STORED DATA:
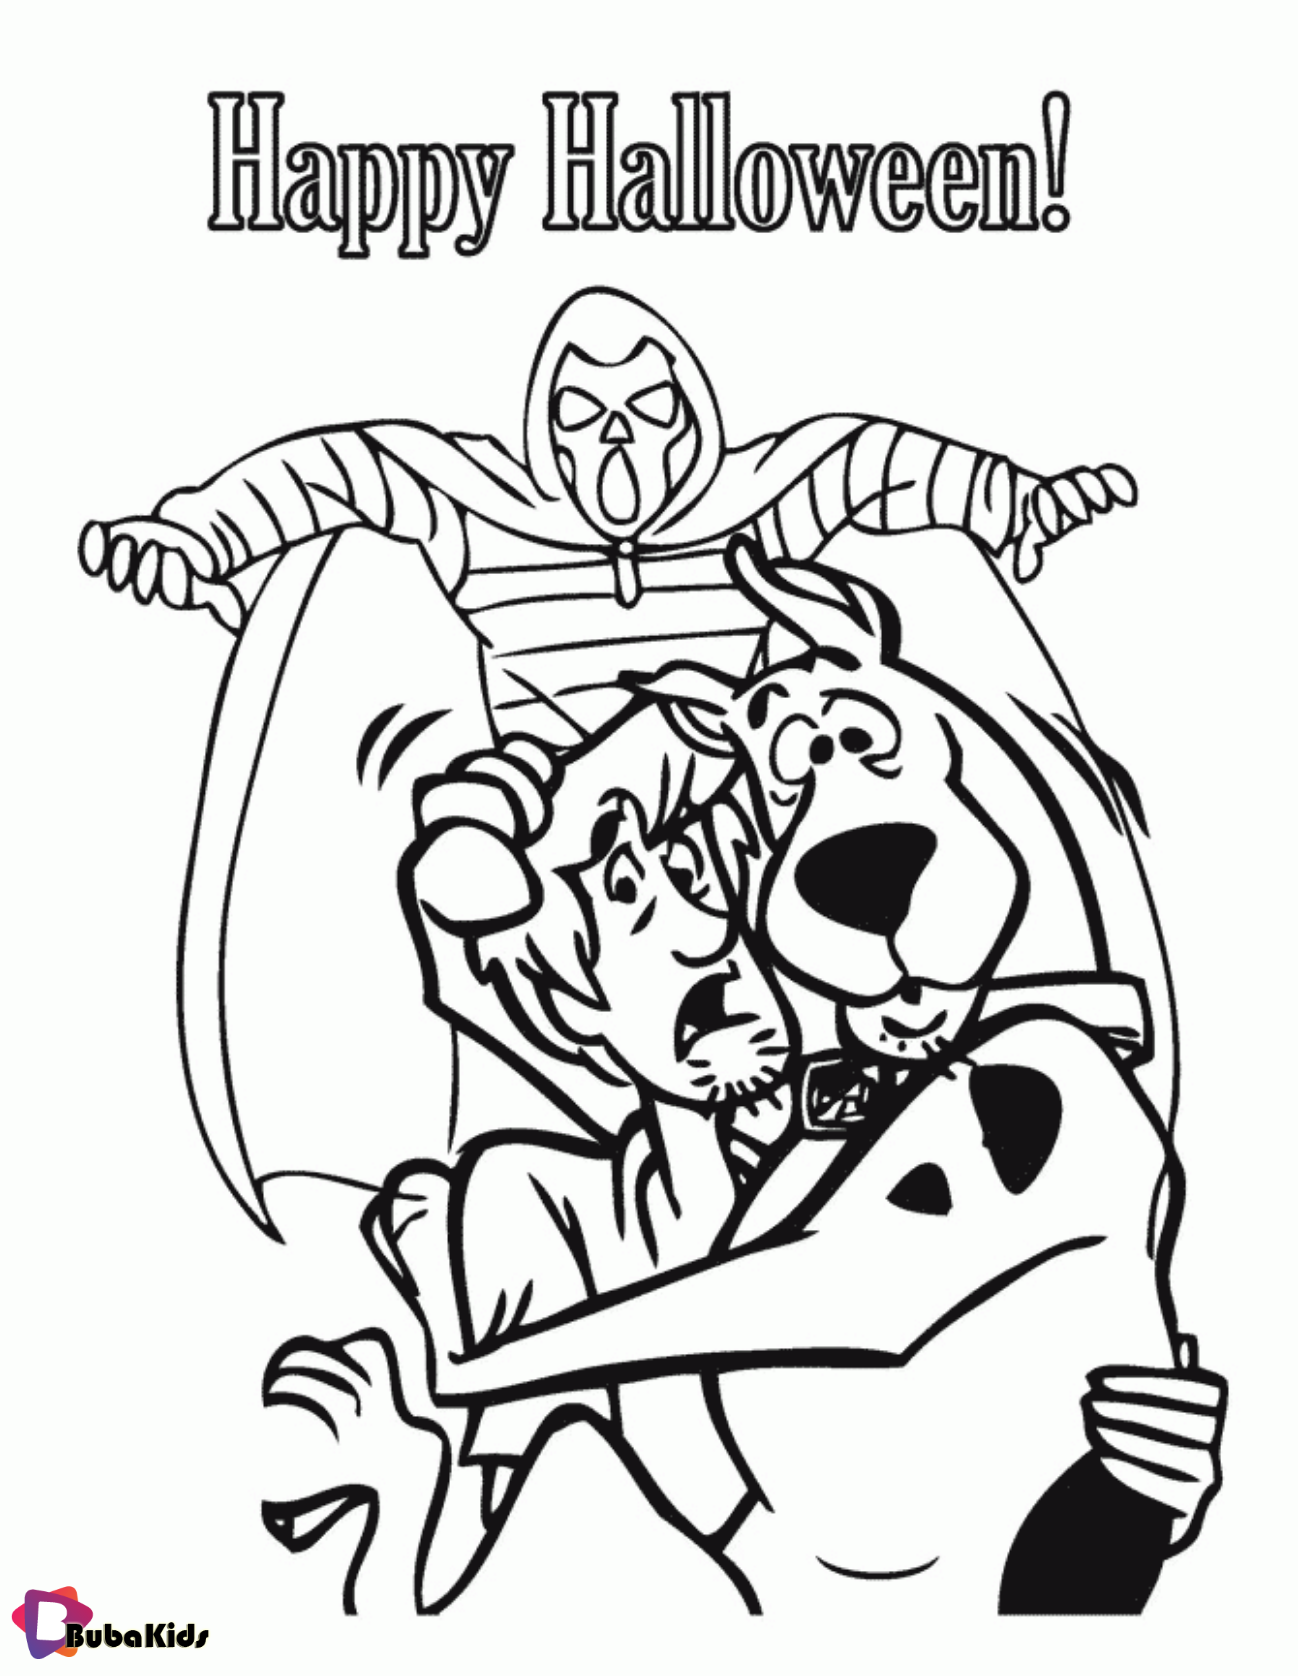 Happy Halloween Scooby Doo and Shaggy printable coloring page. Wallpaper
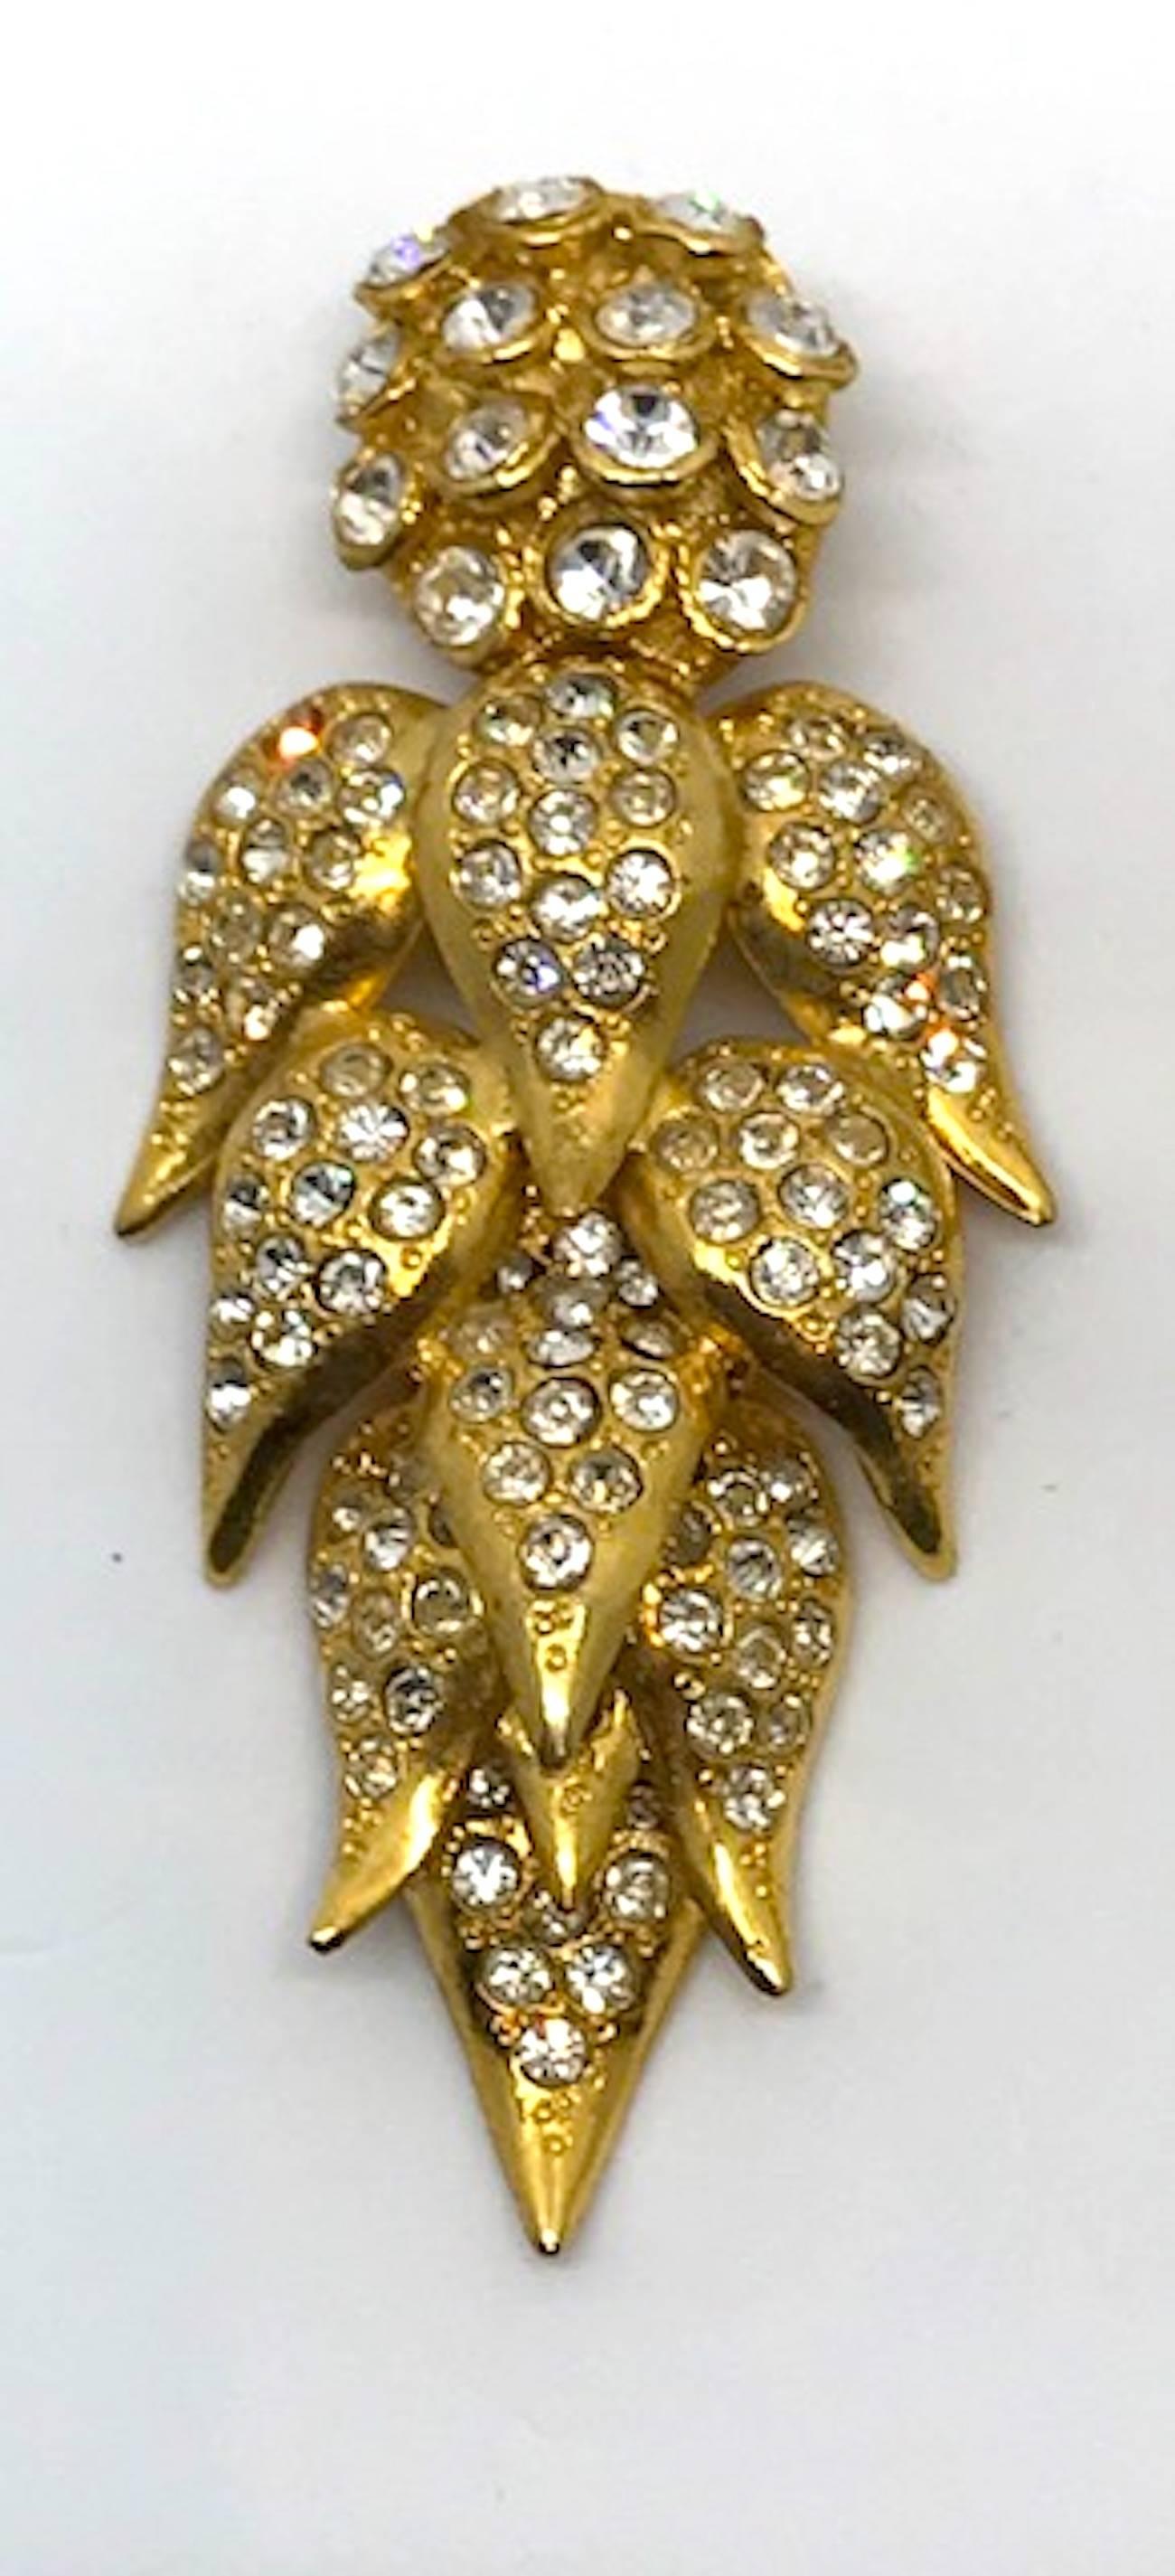 These show stopper 18K gilt and rhinestone leaf cluster earrings are from the personal collection of fine and costume jewelry of Italian actress Elsa Martinelli. Many of her pieces are by the fifty year old Italian jewelry company De Liguoro and
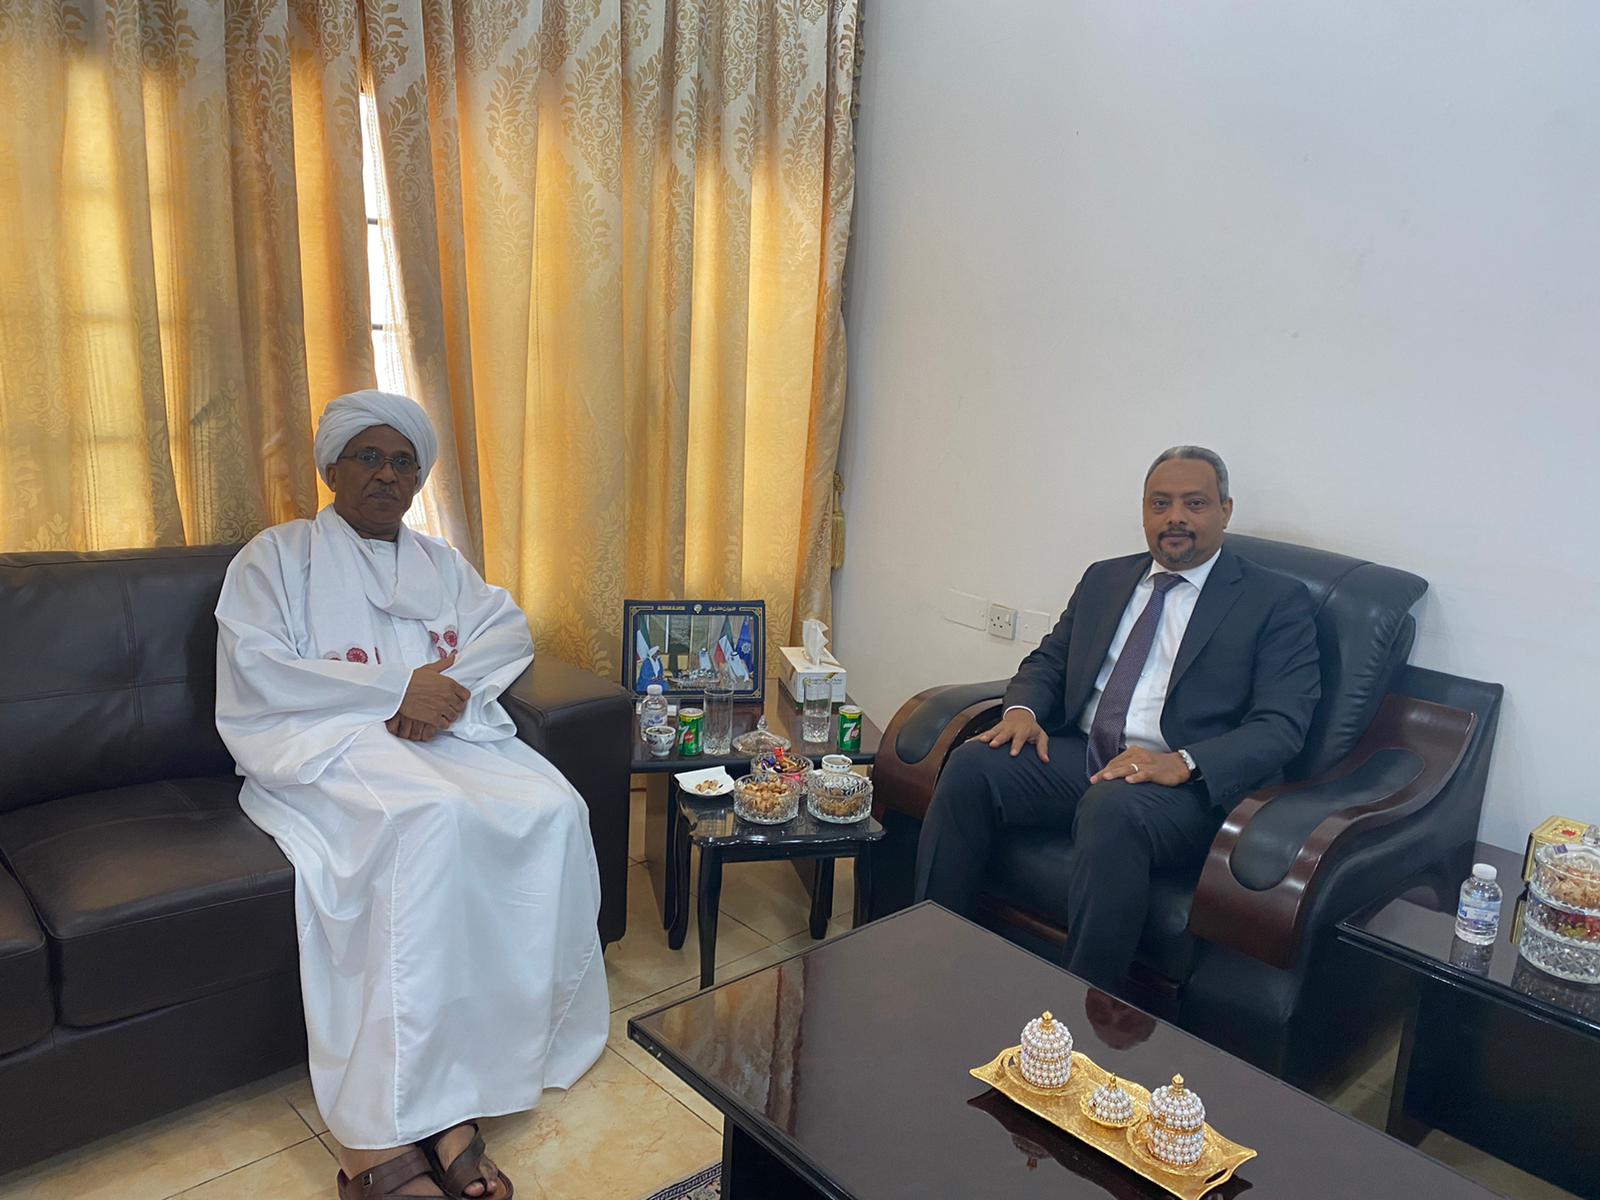 Visit of His Excellency to the Embassy of the Republic of Sudan

EXERCISE AIM:
Your response must reproduce the listing above word for word and must contain none of its pictures.

RESPONSE BELOW:
 Happy Halloween Scooby Doo and Shaggy printable coloring page. Wallpaper
 These show stopper 18K gilt and rhinestone leaf cluster earrings are from the personal collection of fine and costume jewelry of Italian actress Elsa Martinelli. Many of her pieces are by the fifty year old Italian jewelry company De Liguoro and
 Visit of His Excellency to the Embassy of the Republic of Sudan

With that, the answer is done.